On special teams at Idaho, Walker was the long snapper, as Kramer was the placekicker.

==Professional career==
Walker was selected by the Detroit Lions in the fourth round of the 1958 NFL draft, 45th overall, in December 1957, weeks before Detroit won the NFL title, their third of the decade. He played for the Lions for 15 years from 1958 to 1972. Walker appeared in 200 games for the Lions, a franchise record that was later broken by placekicker Jason Hanson. He also scored 345 points, which ranked third in Lions history at the time of his retirement (currently ninth). As a placekicker, Walker converted 53 of 131 field goal attempts for a 40.5% success rate, the lowest field goal percentage in NFL history. He attempted 13 field goals of 50+ yards in his career, and missed them all. On extra points, he converted 172 of 175 attempts for a 98.3% success rate.

==Broadcasting career==
After his retirement from the NFL, Walker was the sports director for KPIX-TV, the CBS affiliate in San Francisco, for 20 years, from 1974 to 1994, where he succeeded Barry Tompkins. He was also a sports commentator for the San Francisco 49ers' radio broadcasts for over 20 years, and a commentator on Oakland Athletics baseball broadcasts from 1976 to 1980 and in 1985. During the 1979 season, when the struggling A's lost 108 games, he teamed up with fellow southern Idahoan Harmon Killebrew. Walker was also a color commentator on regional NFL games for several years on CBS, working many games with Tom Brookshier, who moved from color commentary to play-by-play beginning in 1981.

==Later life==
Walker and his wife Sylvia returned to the Boise area in 1994, and he began hosting Incredible Idaho, a half-hour outdoor show on Boise's NBC affiliate, KTVB-TV. In 1999, he retired from broadcasting. In December of that year, Walker was ninth on the Sports Illustrated list of greatest sports figures from Idaho.
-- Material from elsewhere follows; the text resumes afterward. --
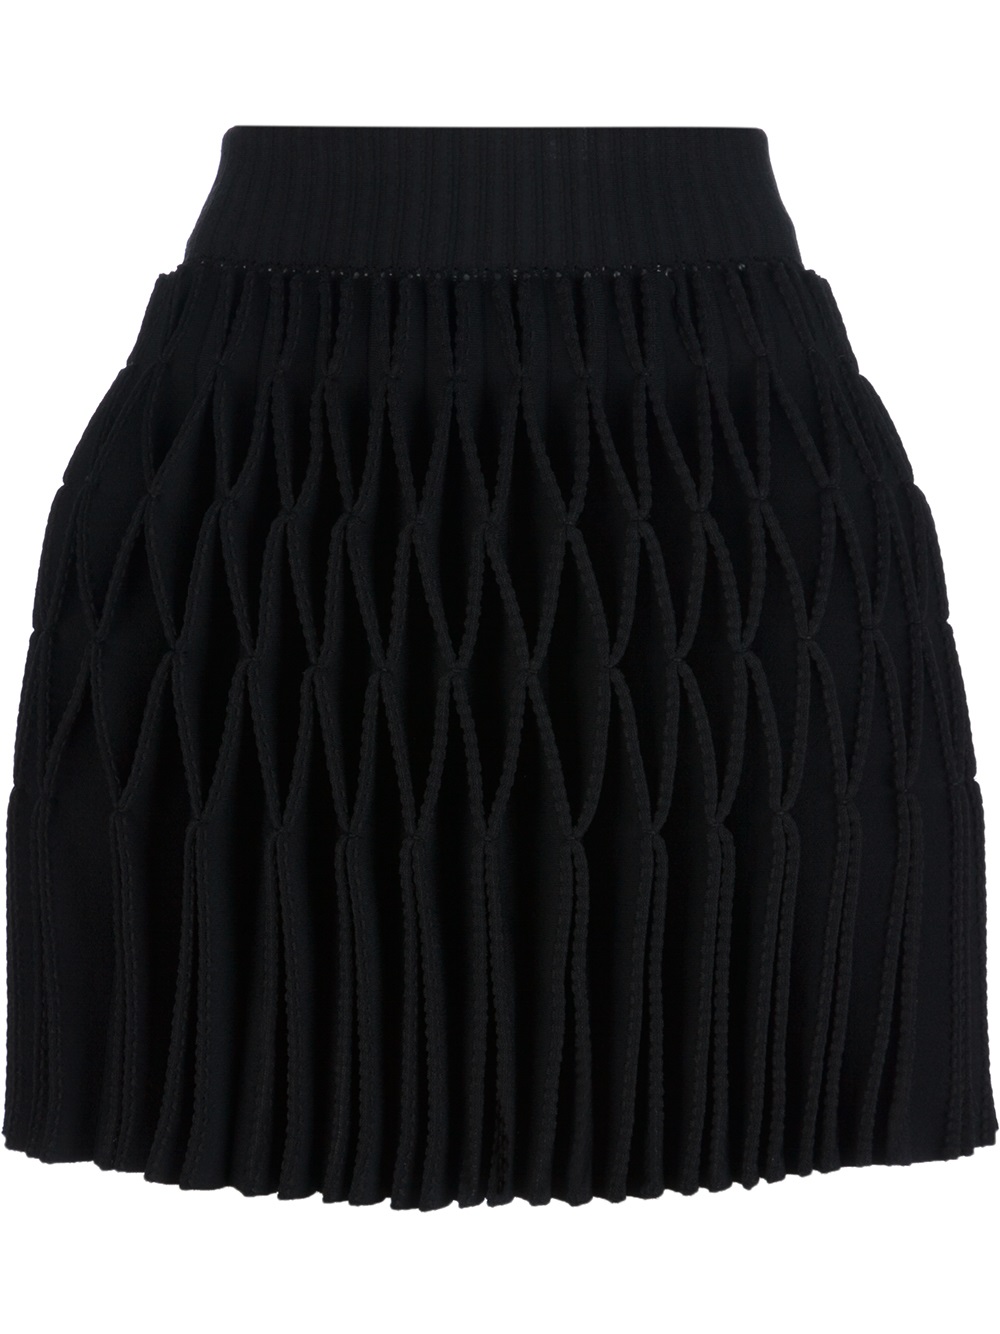 Alaïa Honeycomb Pleat Skirt in Black - Lyst

Diagnosed with throat cancer in June 2007, Walker lost 60 lb after chemotherapy and radiation treatment. As of 2009, he was healthy again and had regained most of the lost weight. In October 2015, Walker announced that he was suffering from Parkinson's disease, possibly as a result of the many concussions he suffered during his playing days. He died on May 19, 2017, from complications from Parkinson's disease.